Как видно, эта пресловутая влажность снова была обращена против женщины: избыток влажности приводит к рождению девочки, та, в свою очередь, обладая липкой, вязкой натурой, дает волю воображению и попадает в лапы Сатаны.
Ж. Бодэн устанавливает семь основных женских пороков, толкающих женщину к колдовству; это доверчивость, любопытство, впечатлительность, злоба, мстительность, отчаяние и, конечно, болтливость.
Свидетельство ведьмы
Из книги А. Кэбот «Сила ведьм»[19]
Церковь вела ожесточенную борьбу с древними религиозными обрядами. Ее оружием стала теория о том, что женщина — это образ Сатаны. В основе этой теории был страх перед женщиной, сексом, природой и человеческим телом. Земля, тело и дьявол — эти три понятия были связаны воедино.
Церковь так и не согласилась с древней верой в то, что земля — священна и на ней обитают боги и божественные духи. Она не могла примириться с духовностью, в которой было место человеческому телу, не говоря уже о теле животного. В то время как христиане били себя в грудь, обвиняя самих себя в плотских грехах и сокрушаясь над тяжкой повинностью жить в «юдоли печали», поклонники Богини пели, плясали, праздновали и следовали завету Богини: «все акты любви и удовольствия — вот мои ритуалы». Протестанты отрицали всякое земное веселье, типа пения, танцев и всевозможного баловства, еще в большей степени, чем католики, и приписывали его козням дьявола. Древняя религия считала их священными.
Во время эпохи костров как христианская церковь, так и светские власти христианских стран, систематически искореняли древние празднества. Все приходские священники получили директиву церковных властей к любому языческому празднику подгадать христианское празднество. Рождество было придумано в противовес зимнему солнцестоянию, Пасха— весеннему равноденствию, праздник Святого Иоанна Крестителя — летнему солнцестоянию, День всех святых — кельтскому Новому году и т. д.
Власти также сурово порицали баловство в эти святые дни, в особенности ритуалы, сопровождавшиеся половыми актами. Во многих дохристианских цивилизациях половой акт считался образом творения. Церковь, боявшаяся и женщин, и секса, не могла согласиться с мыслью, что женская сексуальность может быть священной.
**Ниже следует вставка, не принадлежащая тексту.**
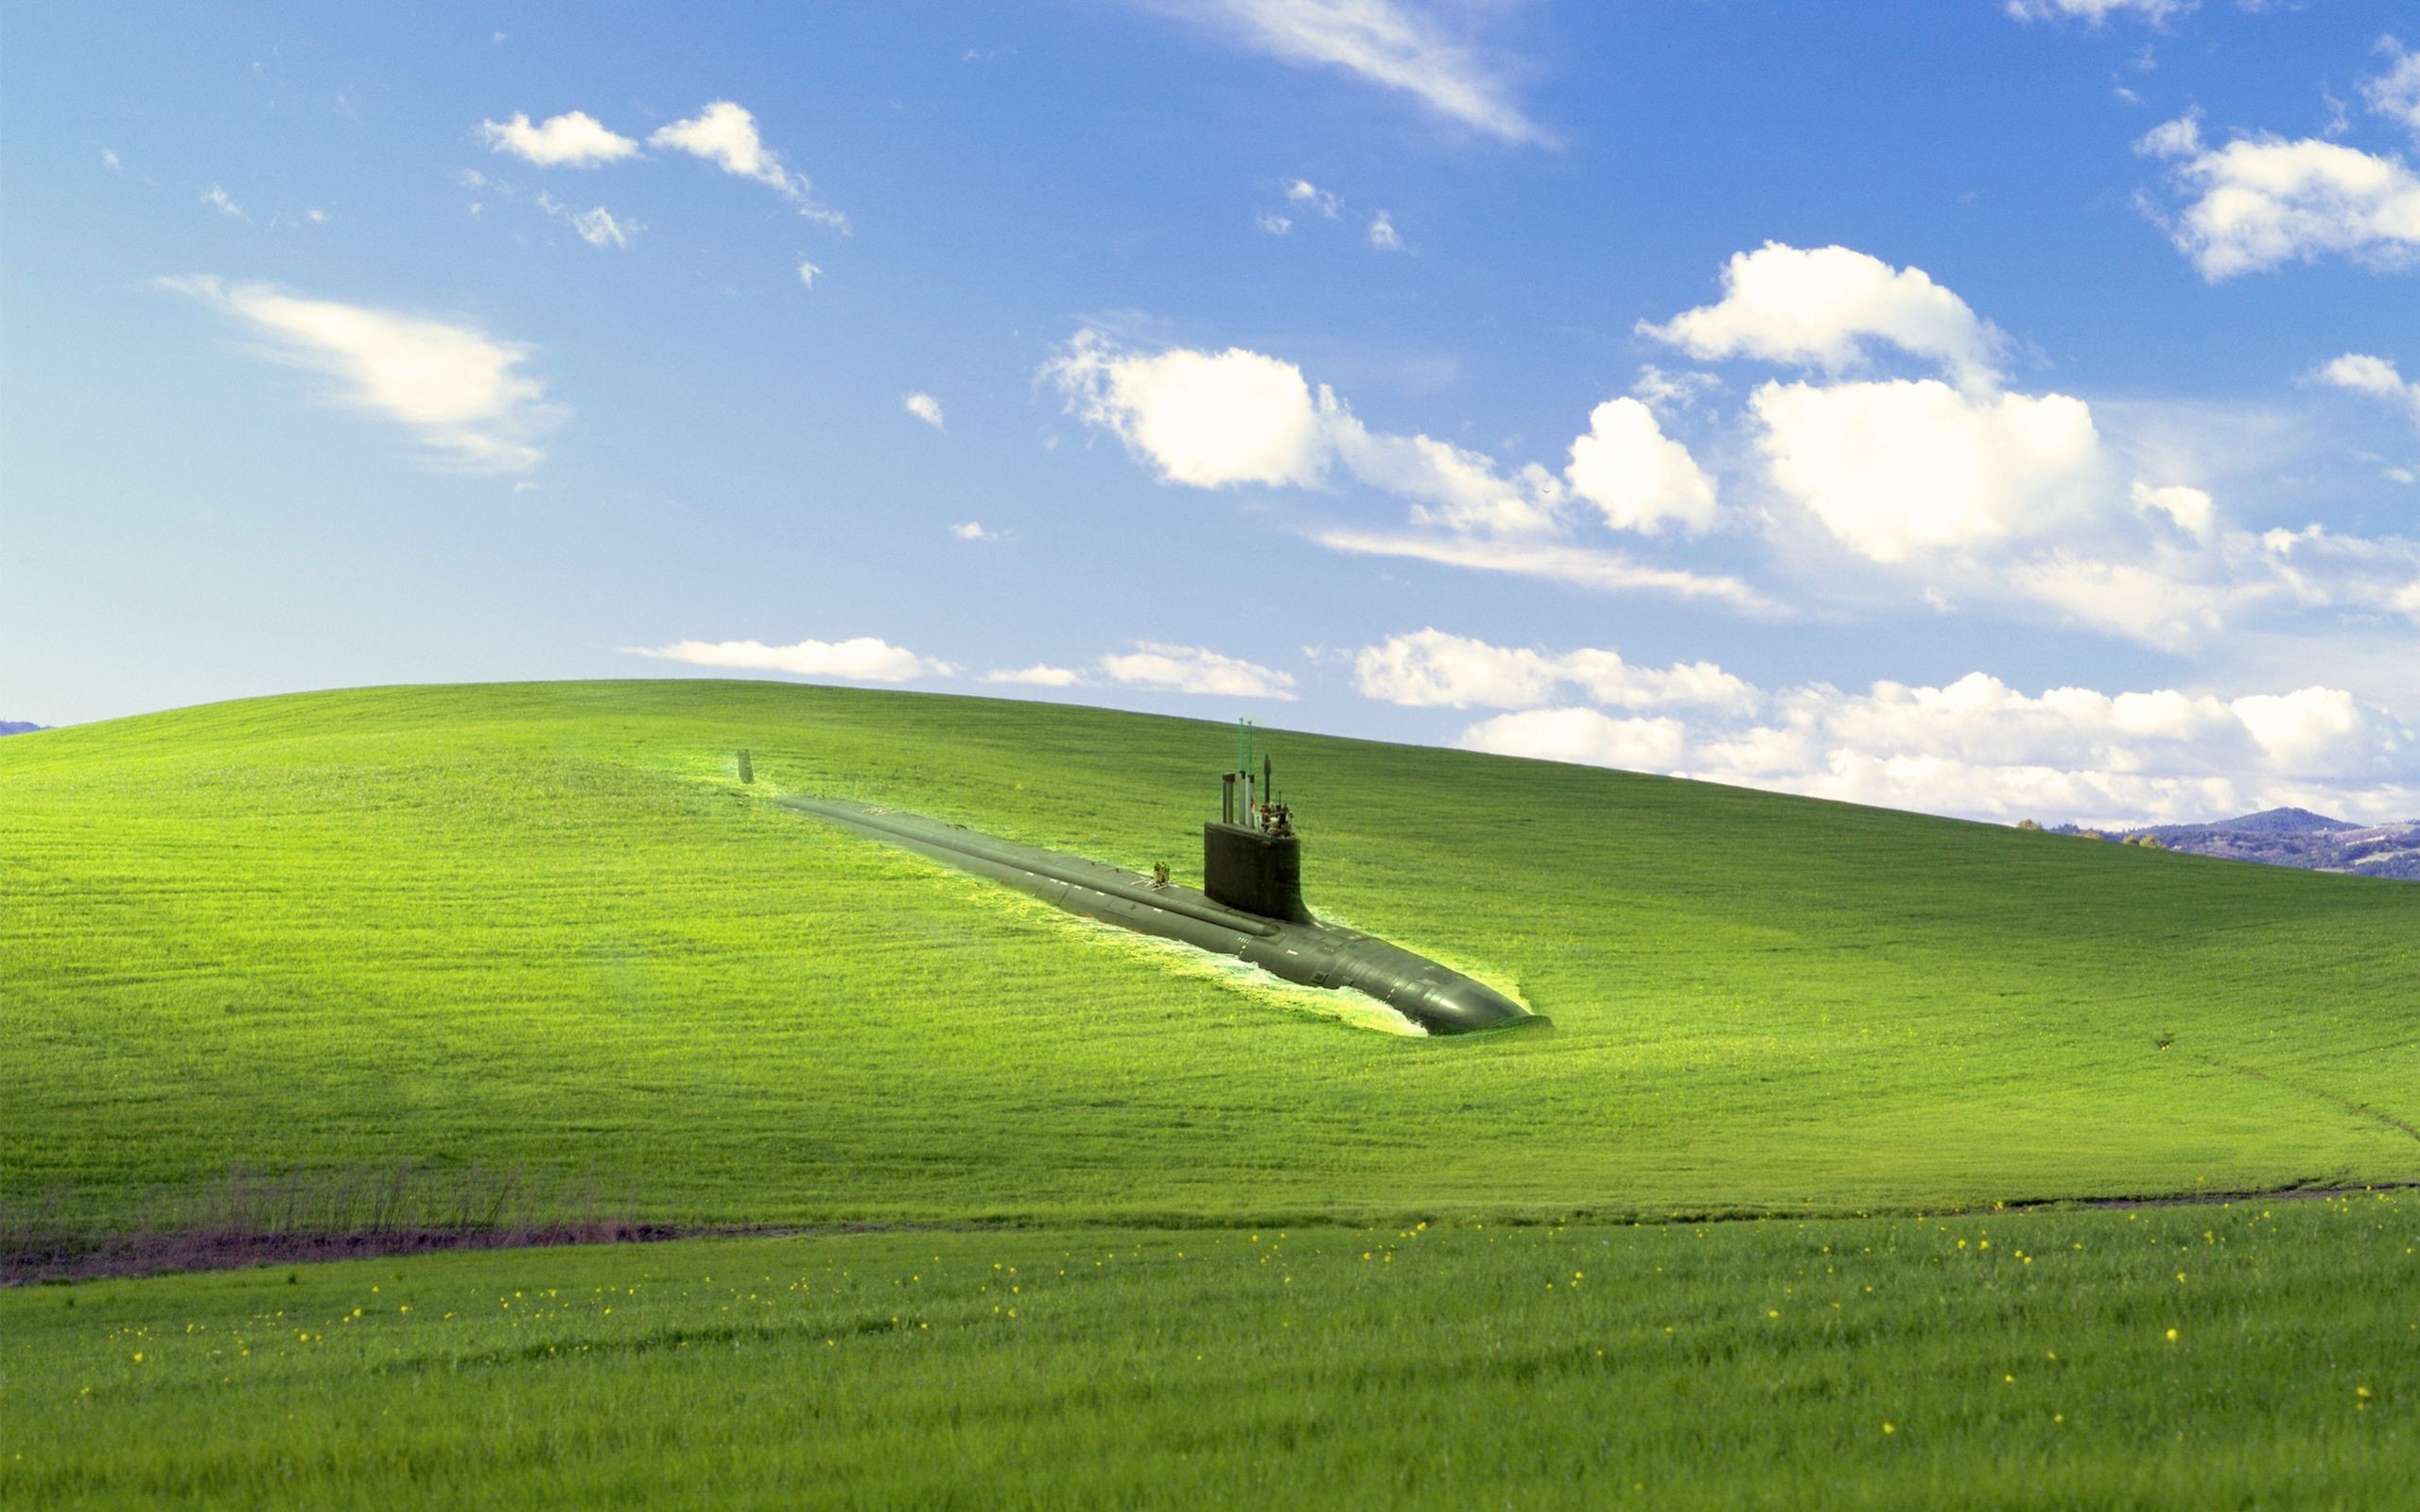 Original Windows 95 Wallpaper 58 Images

Духовность, включавшая в себя «акты удовольствия», потому что они были угодны Богине, была серьезной угрозой для давших обет безбрачия священников и монахов, которые пытались подавить свои любые сладострастные мысли.
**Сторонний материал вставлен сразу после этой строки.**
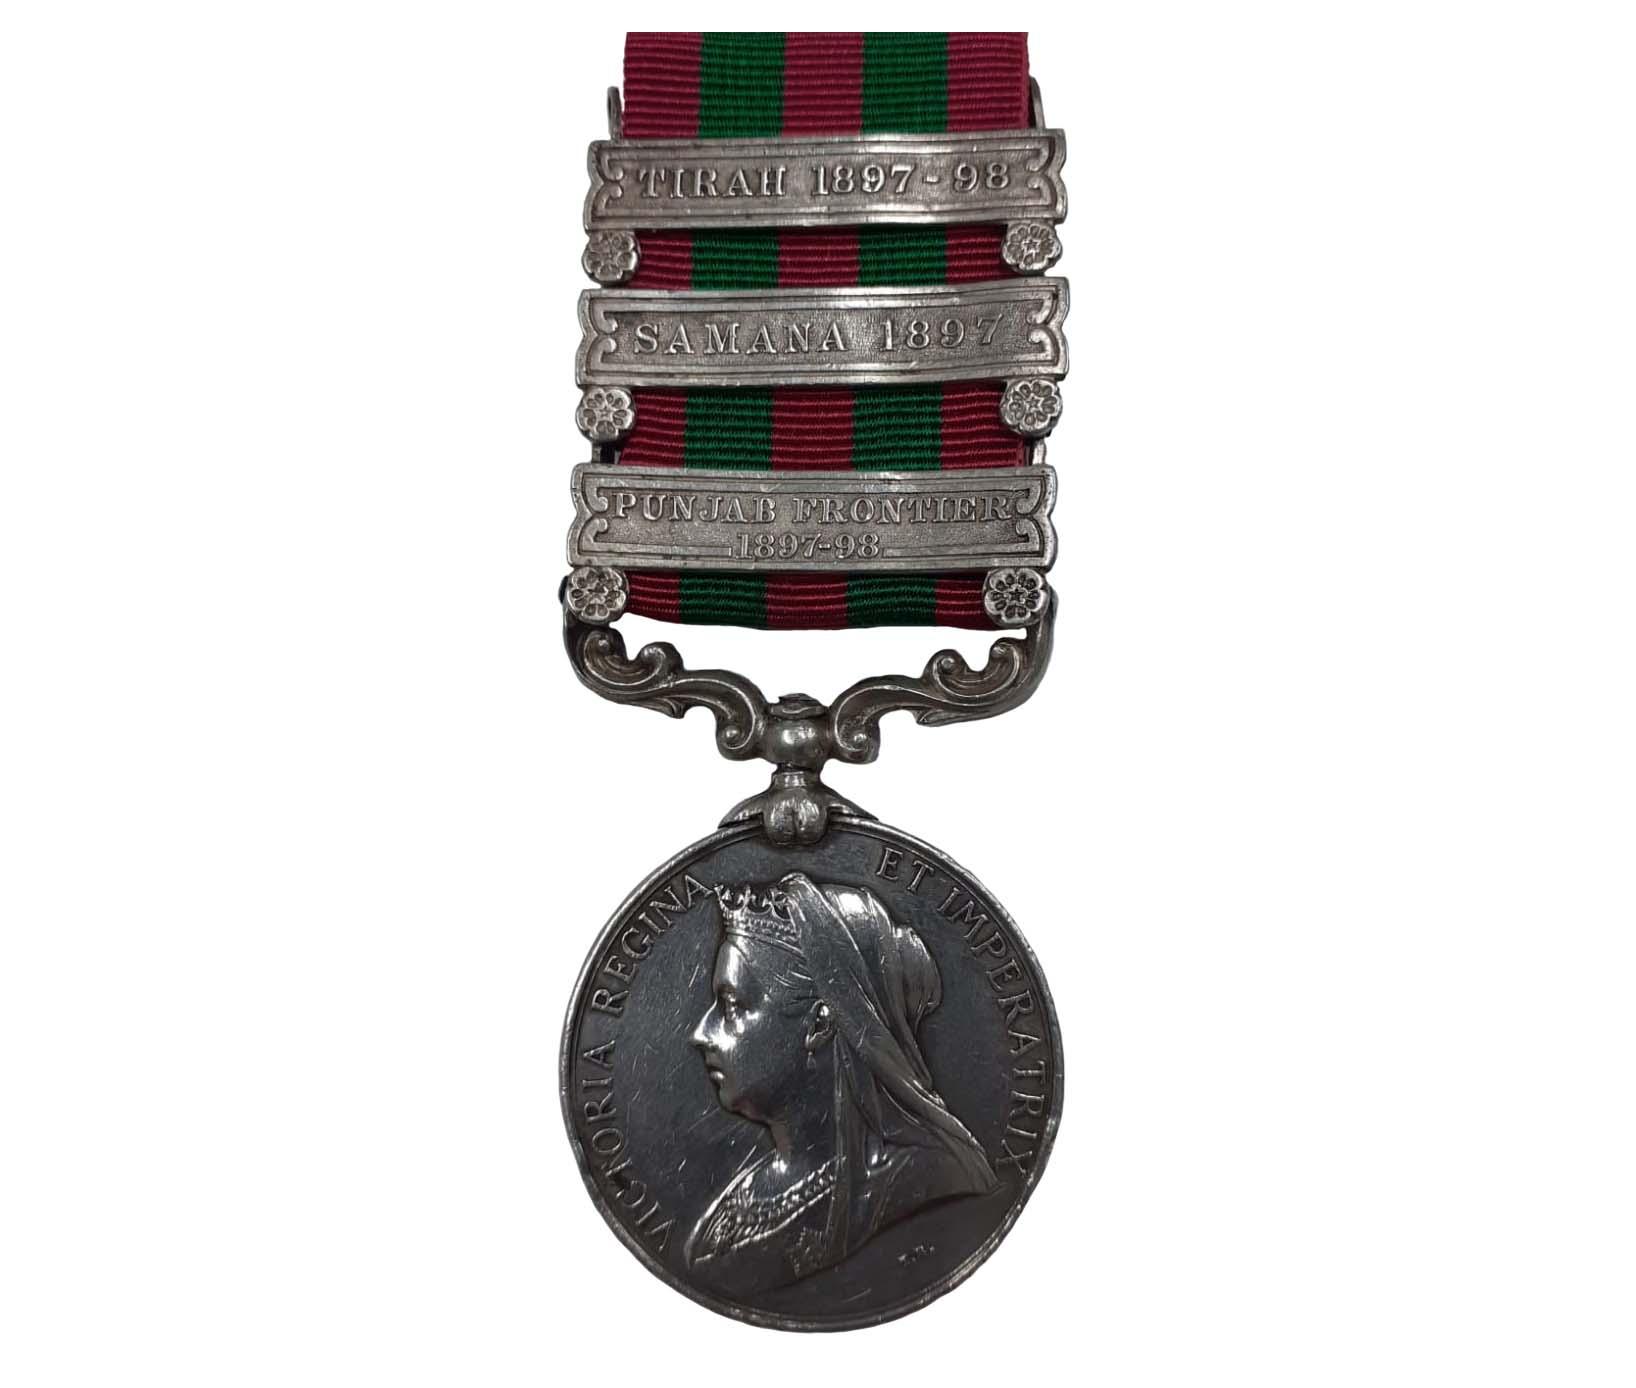 India Medal 1895-1902, QVR to Driver Aktara

Доминиканский ученый Мэттью Фоке заметил, что миф об «изгнании из рая» породил теологию, которая «не могла согласиться со святостью сексуальности». В своем труде «Первопричастие» — воззвание к более мистическому, более земному, более женственному христианству — он пишет: «Не секрет, что среди святых патриархального периода христианства, предложенных нам в качестве примеров для подражания, очень редко встречаются люди светские». Идеалом католической церкви всегда был обет безбрачия, а активная внебрачная половая жизнь всегда сурово порицалась. Сексуальным партнером женщины мог быть только ее муж. Таким образом, женская сексуальность была заключена в жесткие рамки патриархального брака, где она полностью контролировалась мужчиной. Даже в браке секс был сомнительным делом. Это по-прежнему была «плоть», которую христианская теология считала источником слабости. Давший обет безбрачия клир и отказавшиеся от половой жизни монахини являлись красноречивым доказательством устремлений церкви. (Каковым является и недавно вновь подтвержденное Ватиканом правило, что женщина не может быть священником только потому, что она не обладает телом мужчины!).